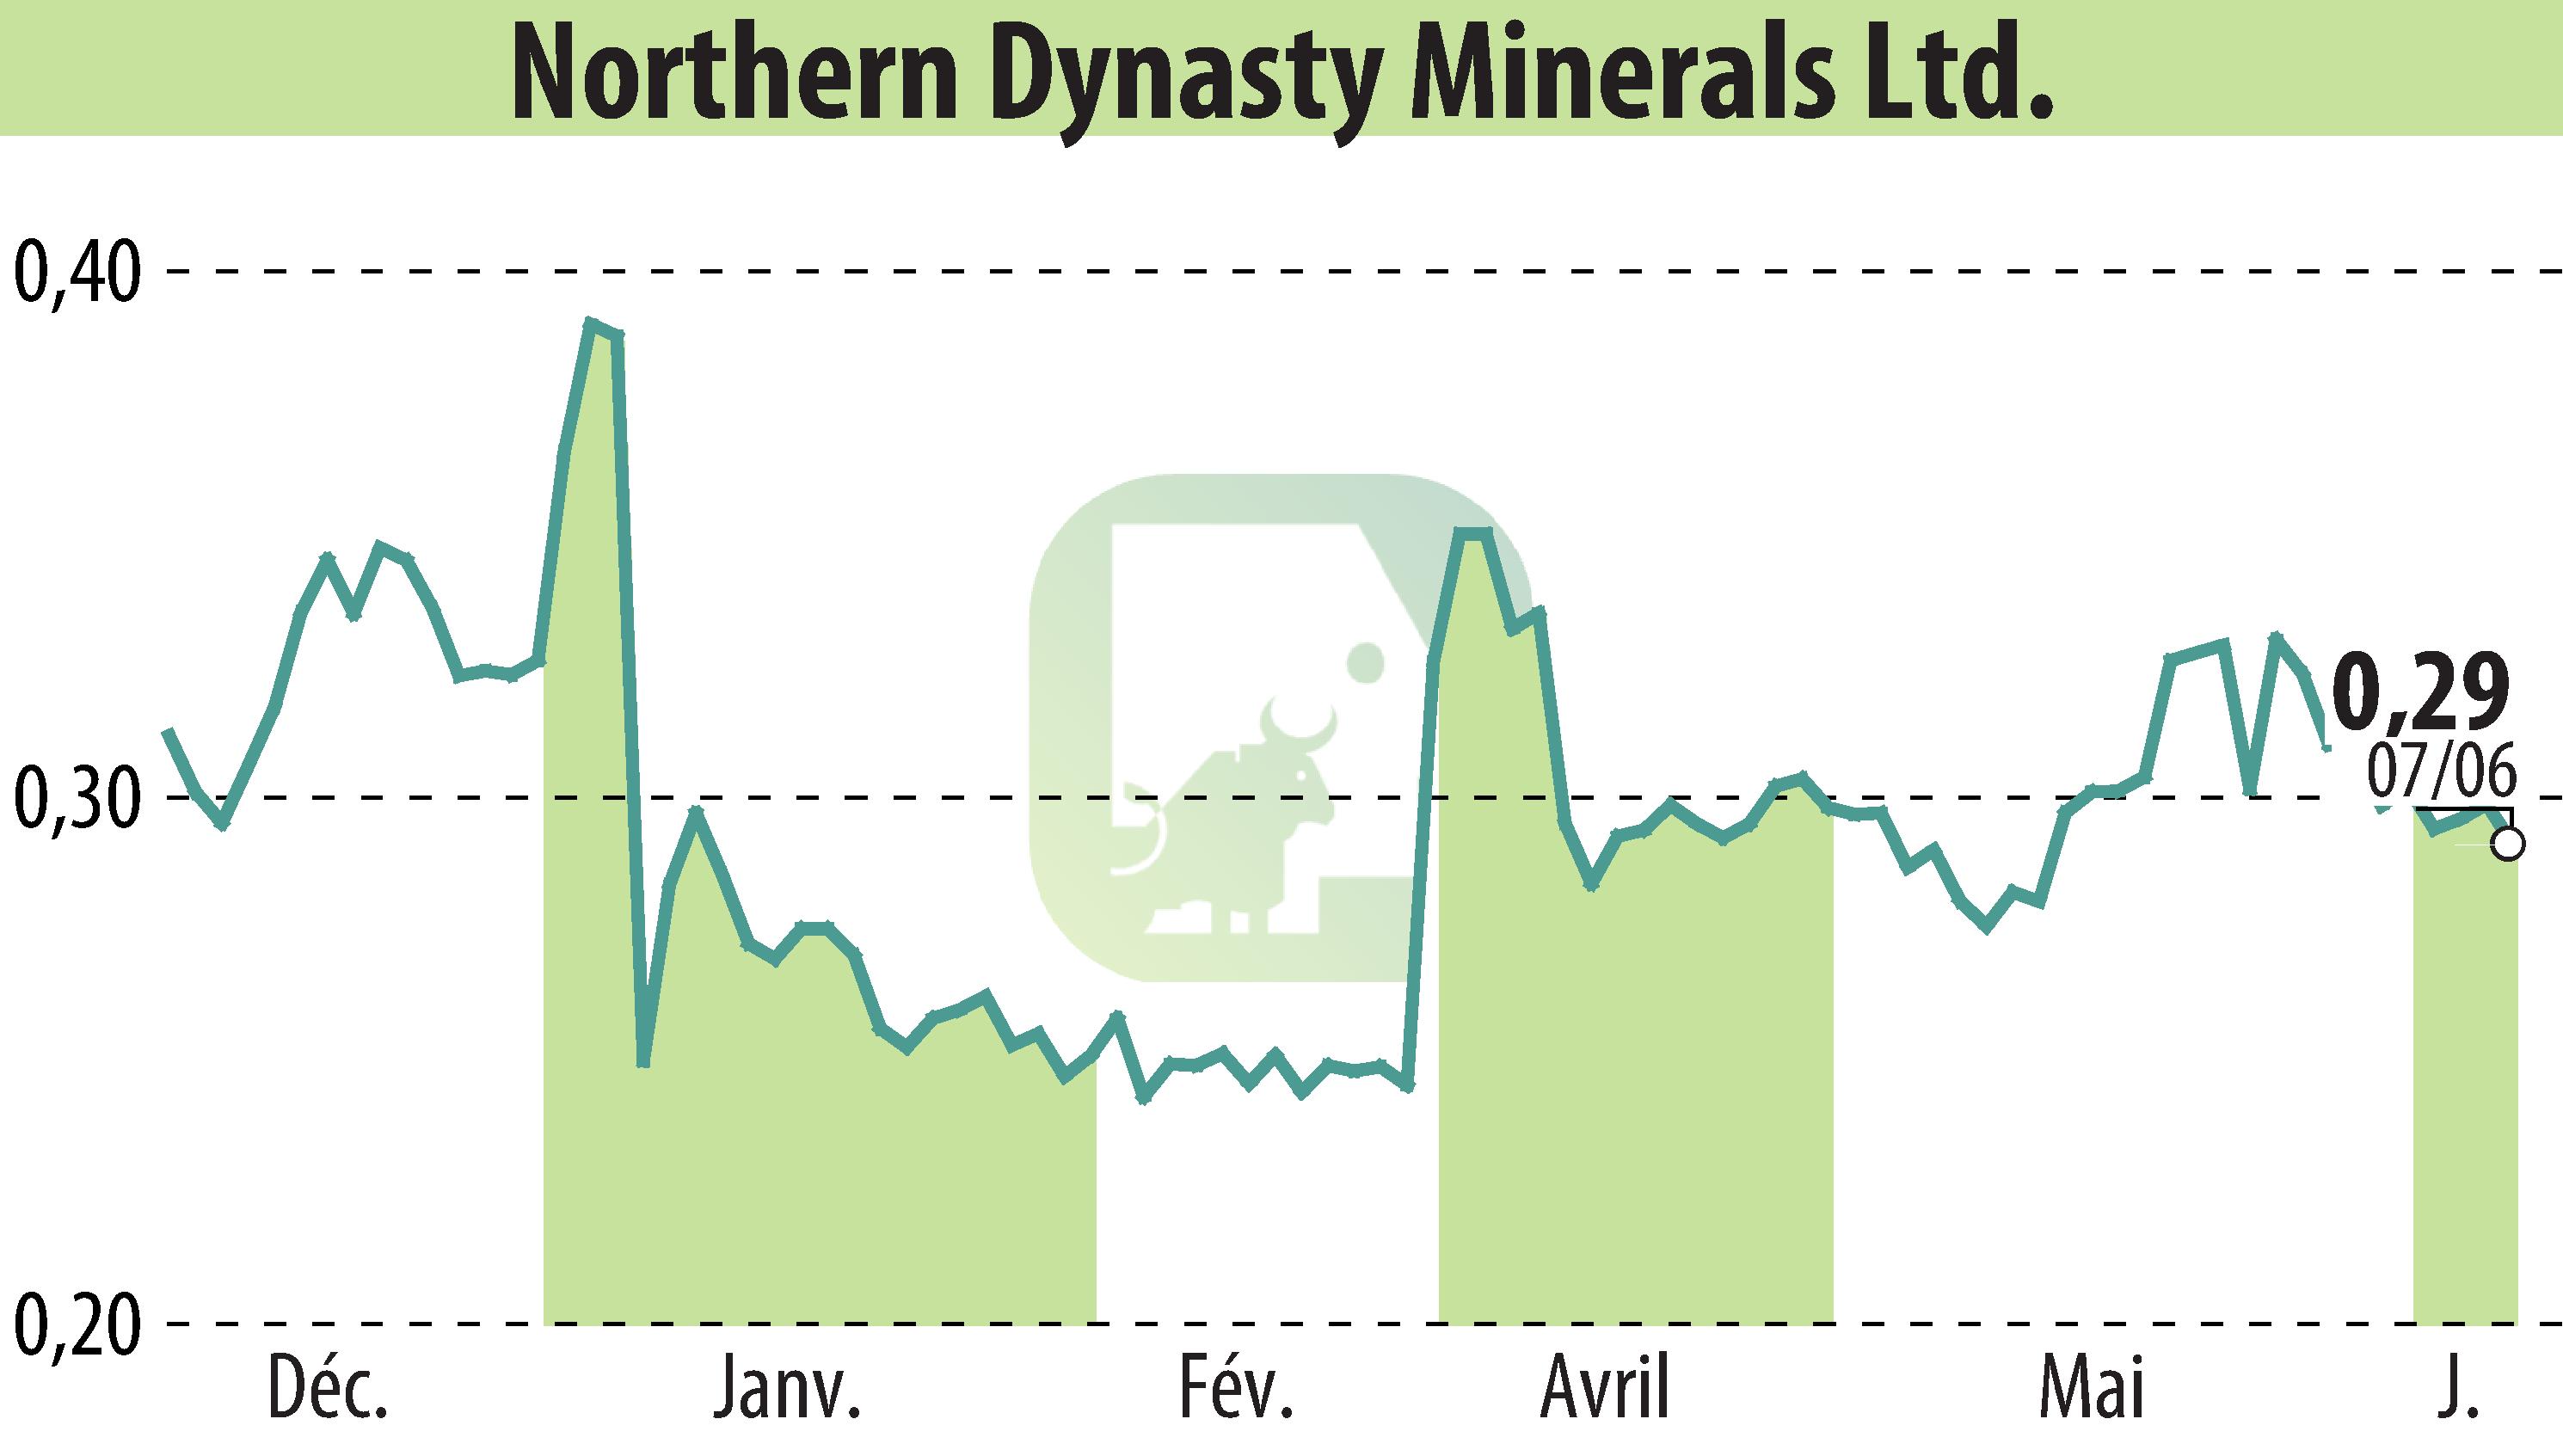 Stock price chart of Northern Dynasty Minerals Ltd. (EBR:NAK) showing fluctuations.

═══

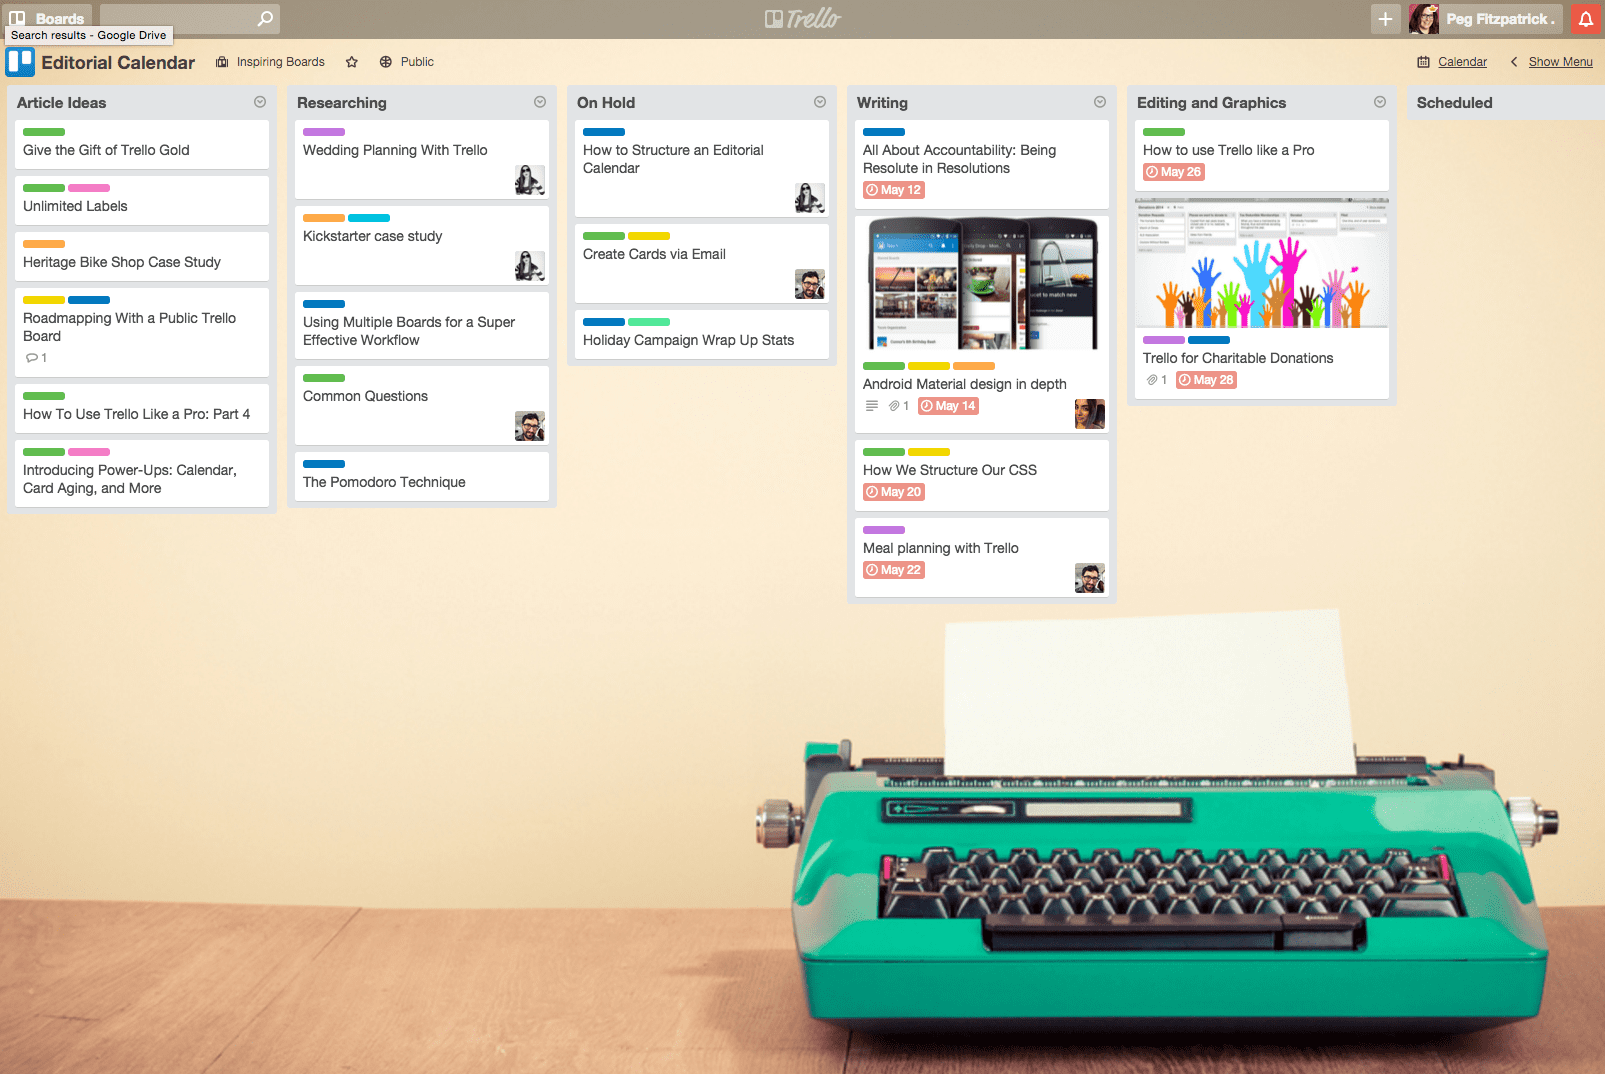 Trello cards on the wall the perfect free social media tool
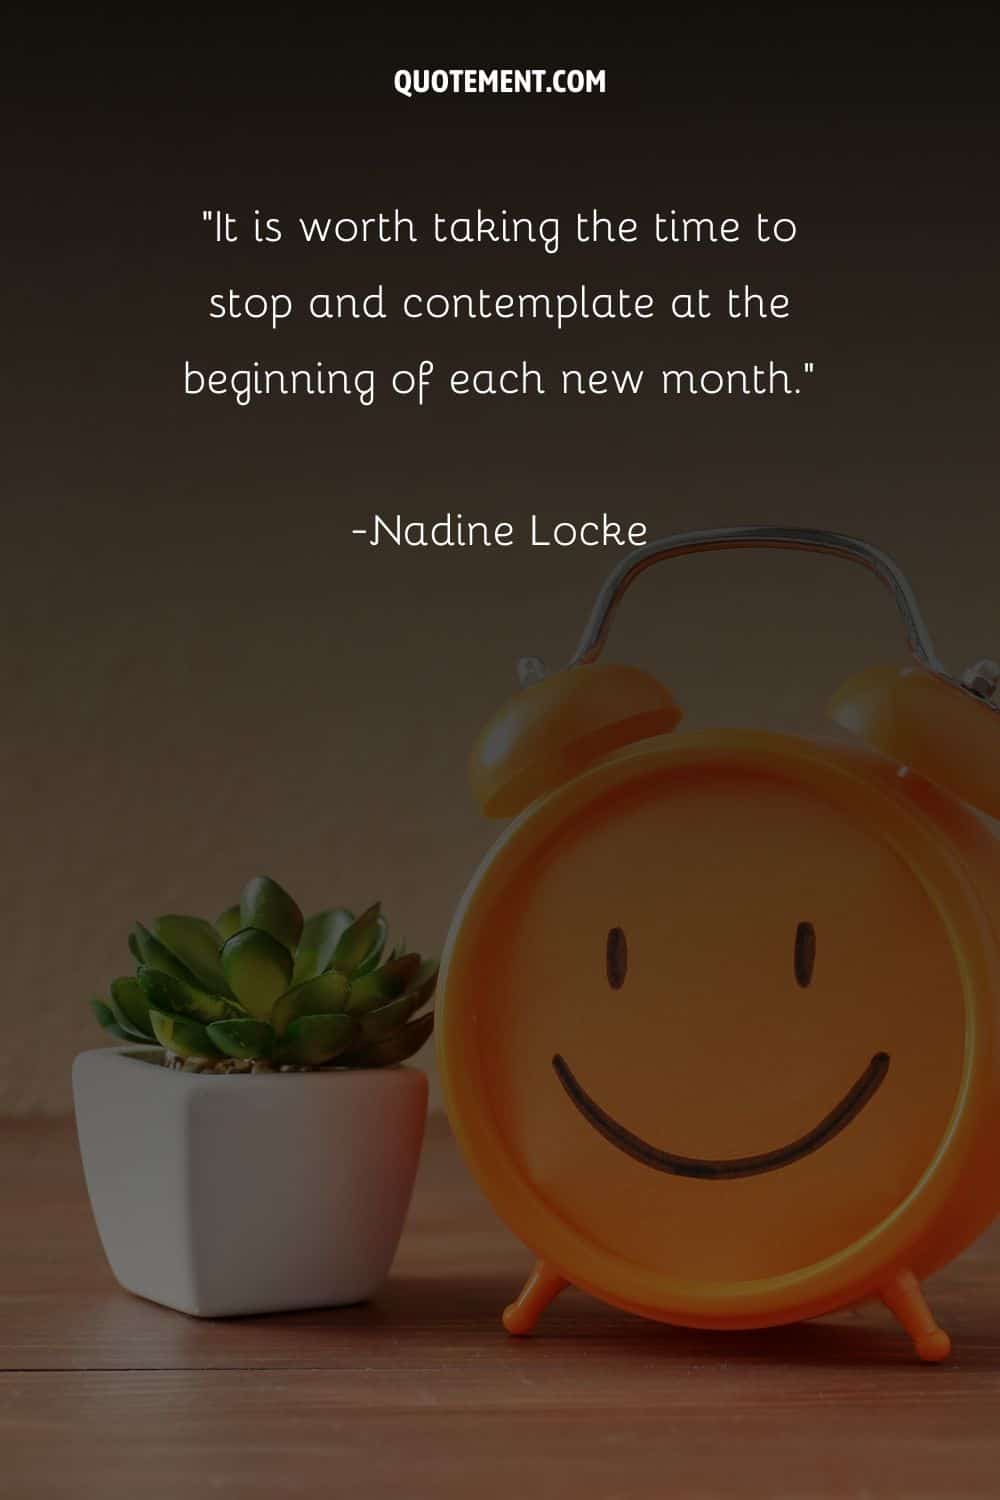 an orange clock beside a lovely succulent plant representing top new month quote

═══

* WHAT YOU NEED TO DO *
Please copy out from the data above, without any picture, exactly the lines running from the one that holds "Trello cards on" through the one that holds "an orange clock", and nothing beyond them.

* YOUR SOLUTION *
 Trello cards on the wall the perfect free social media tool
 an orange clock beside a lovely succulent plant representing top new month quote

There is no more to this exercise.